What you are asked to do → In full and word for word, copy the listing; no pictures belong in the copy.

Supplied data →
☆ ☆ ☆

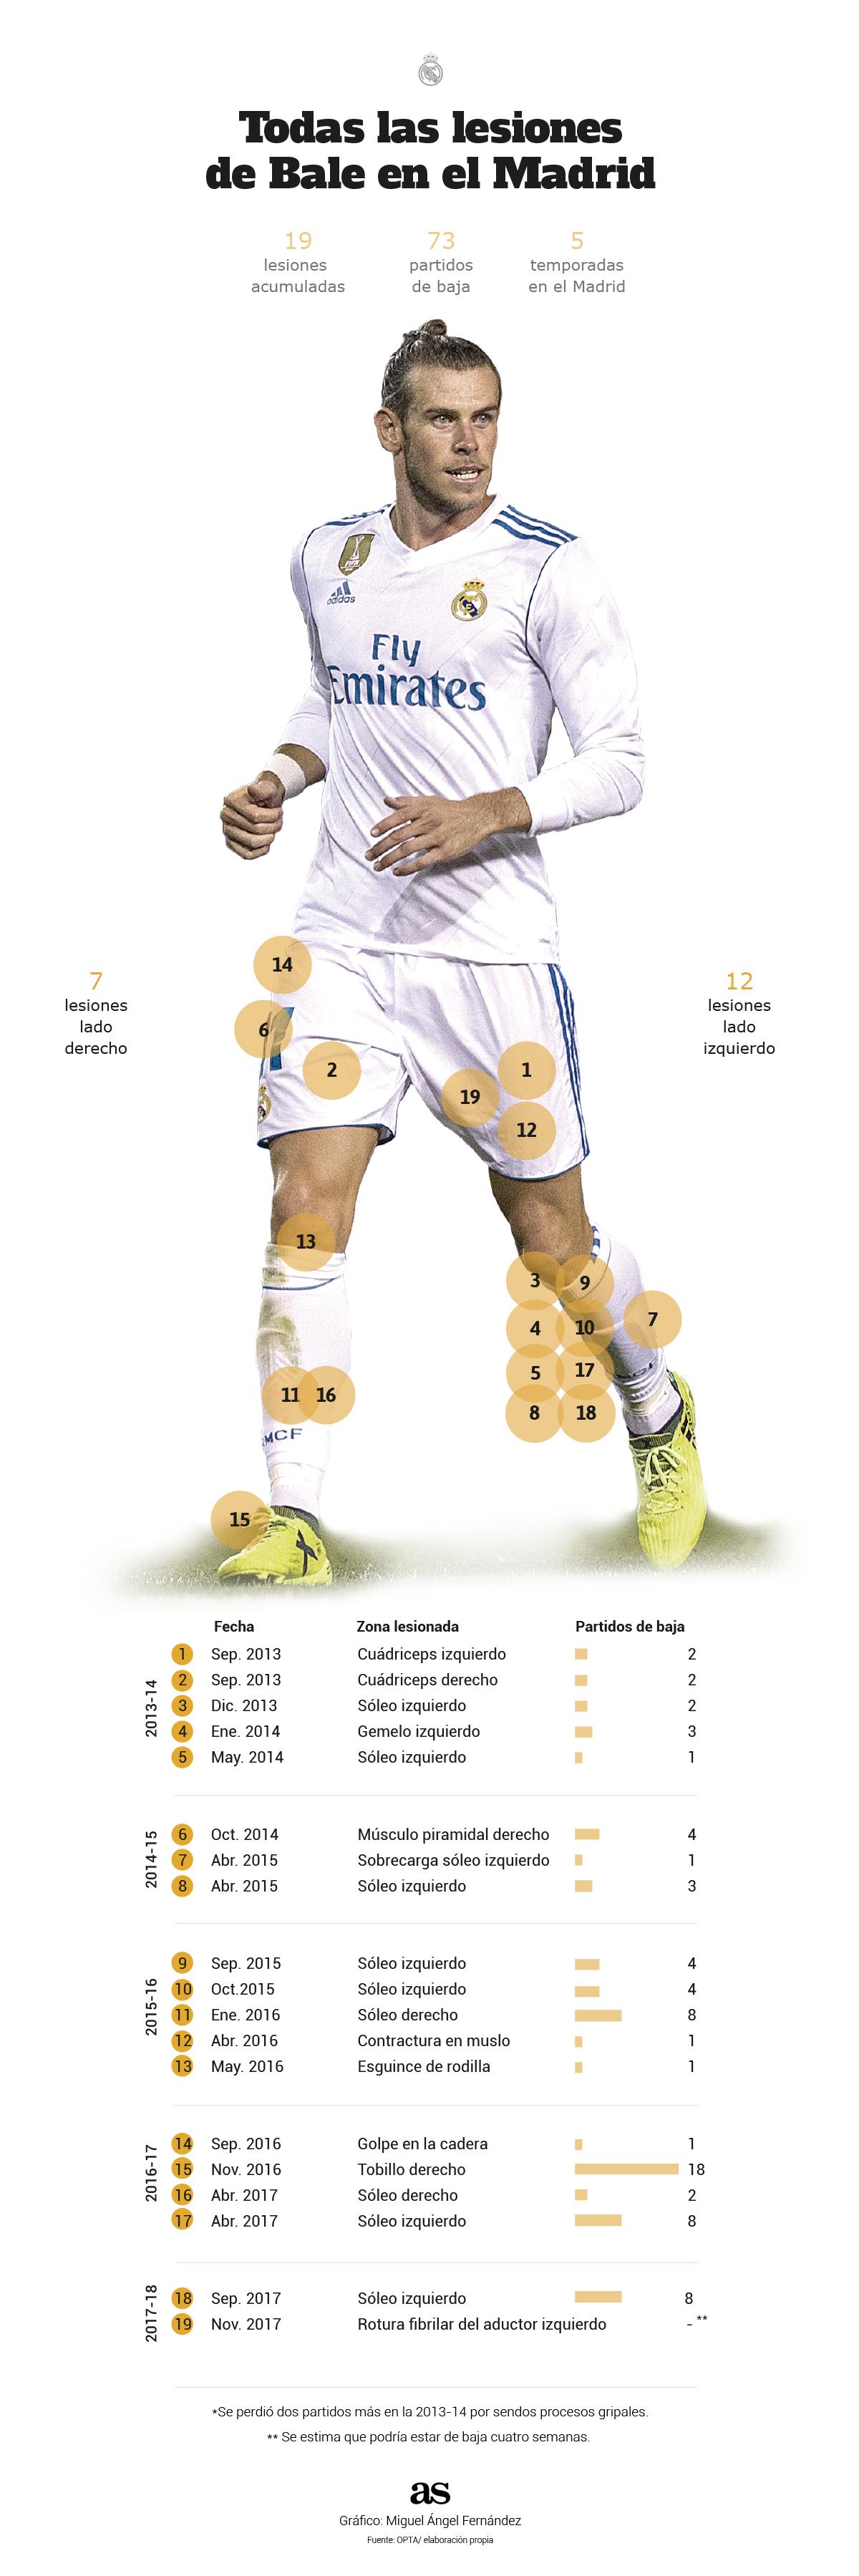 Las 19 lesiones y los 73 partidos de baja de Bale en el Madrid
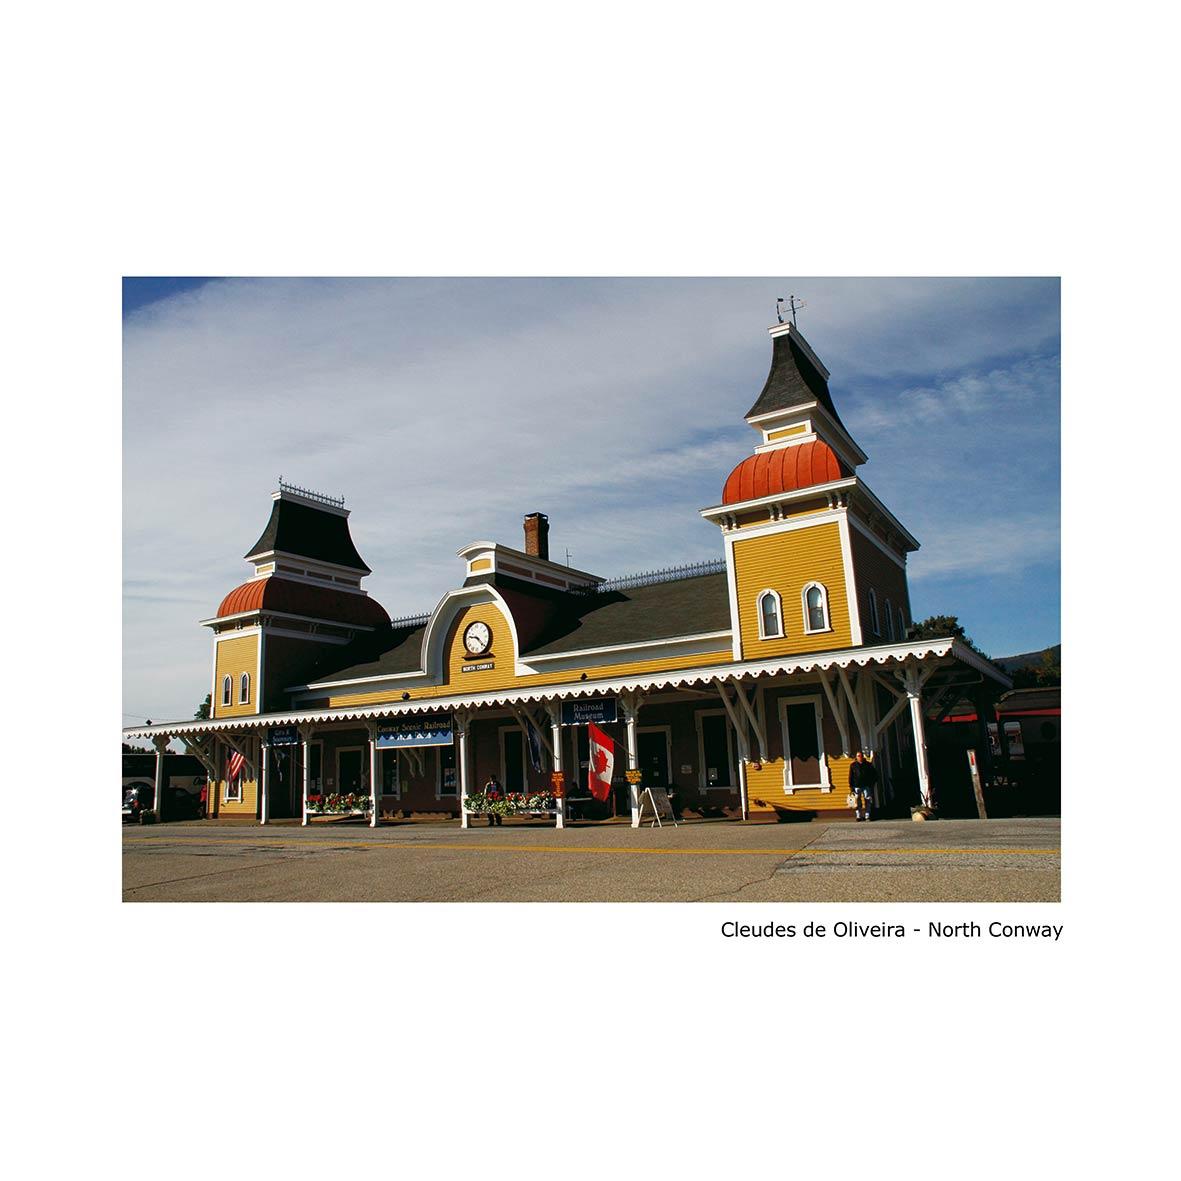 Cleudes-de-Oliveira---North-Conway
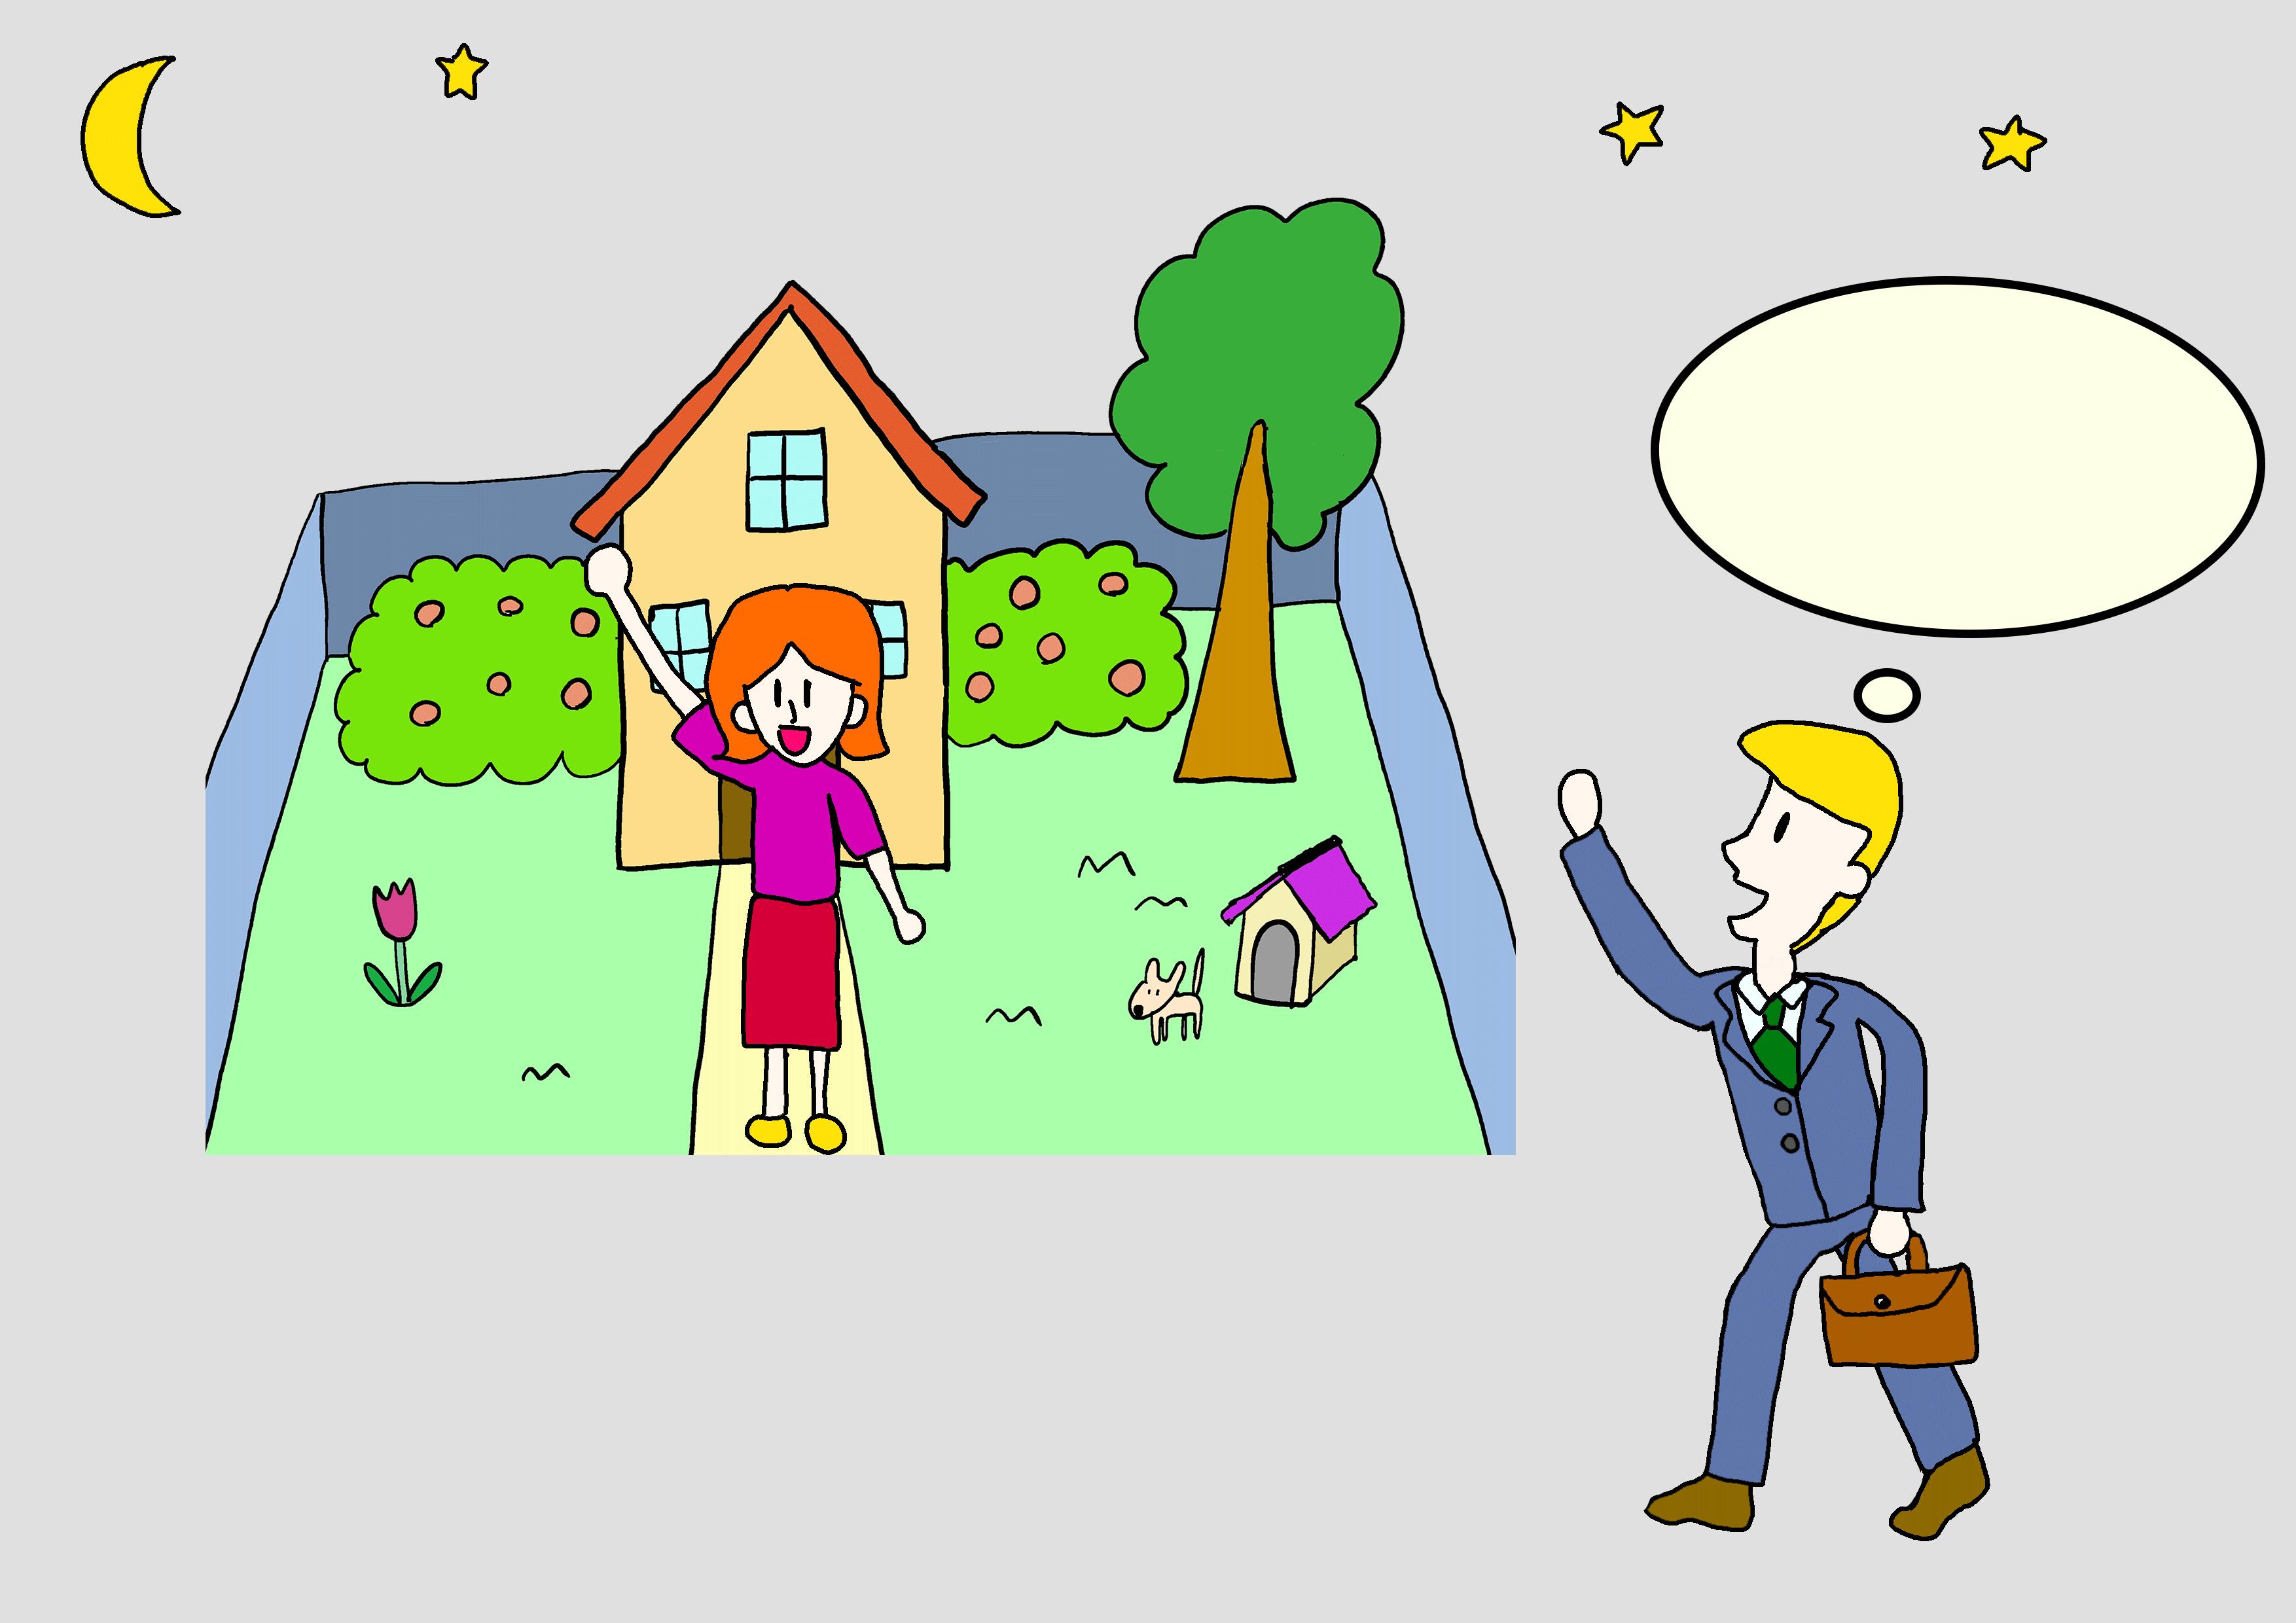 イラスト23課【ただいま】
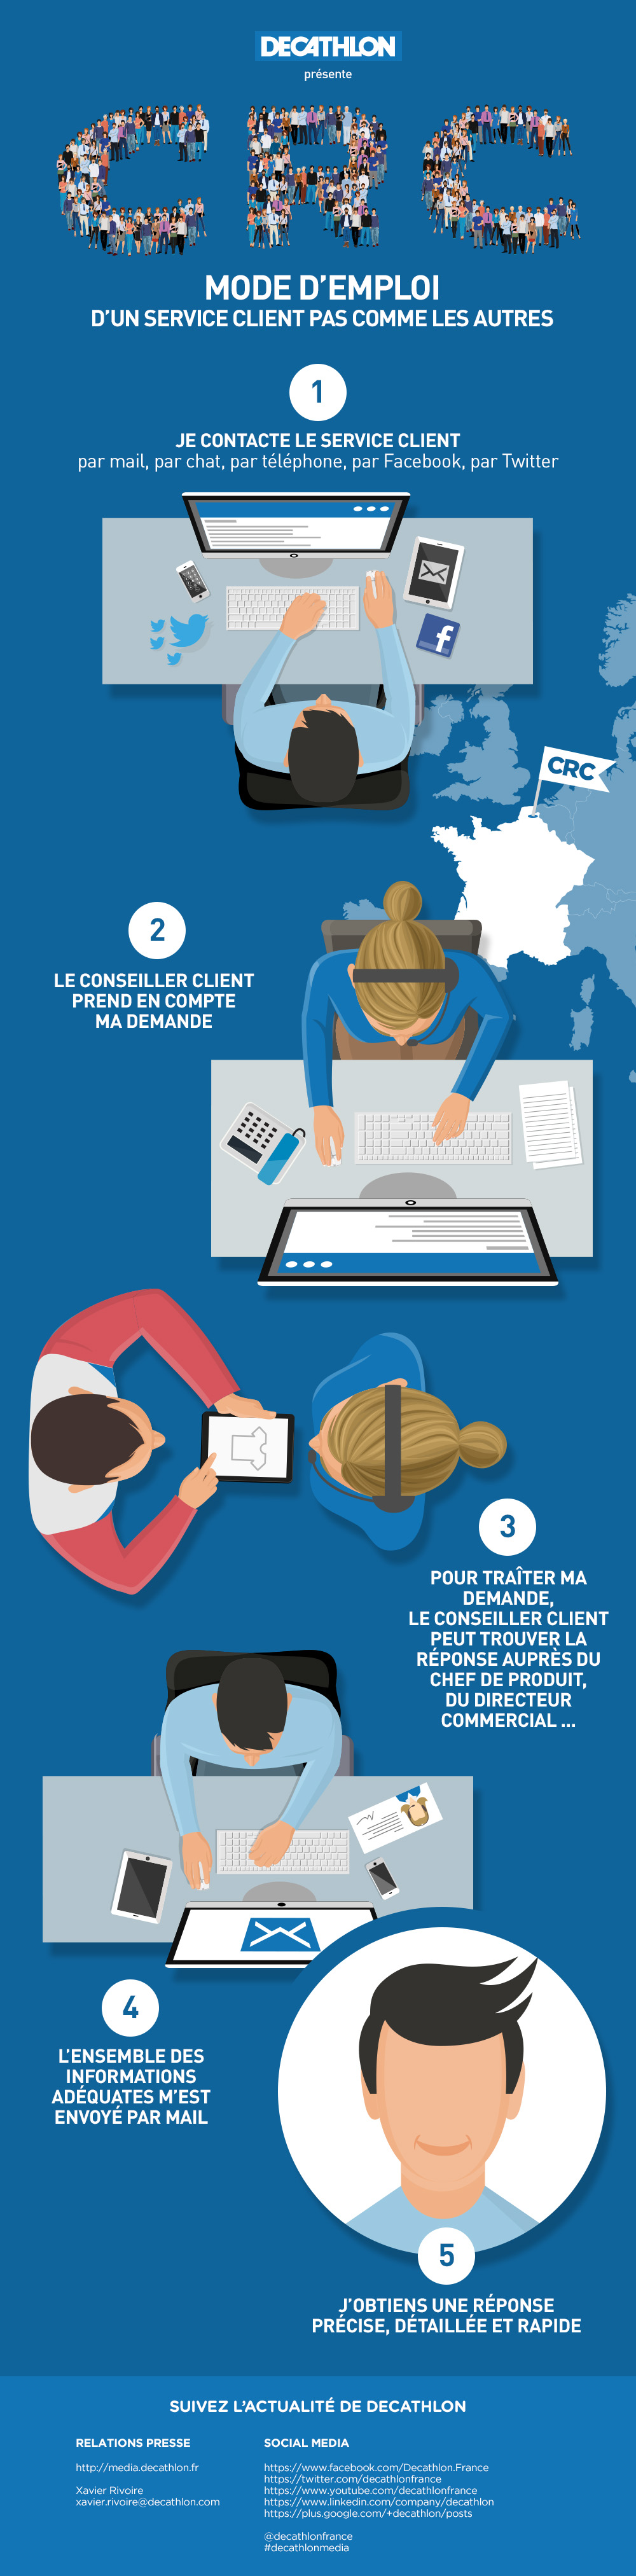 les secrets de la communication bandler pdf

☆ ☆ ☆

Answer below →
 Las 19 lesiones y los 73 partidos de baja de Bale en el Madrid
 Cleudes-de-Oliveira---North-Conway
 イラスト23課【ただいま】
 les secrets de la communication bandler pdf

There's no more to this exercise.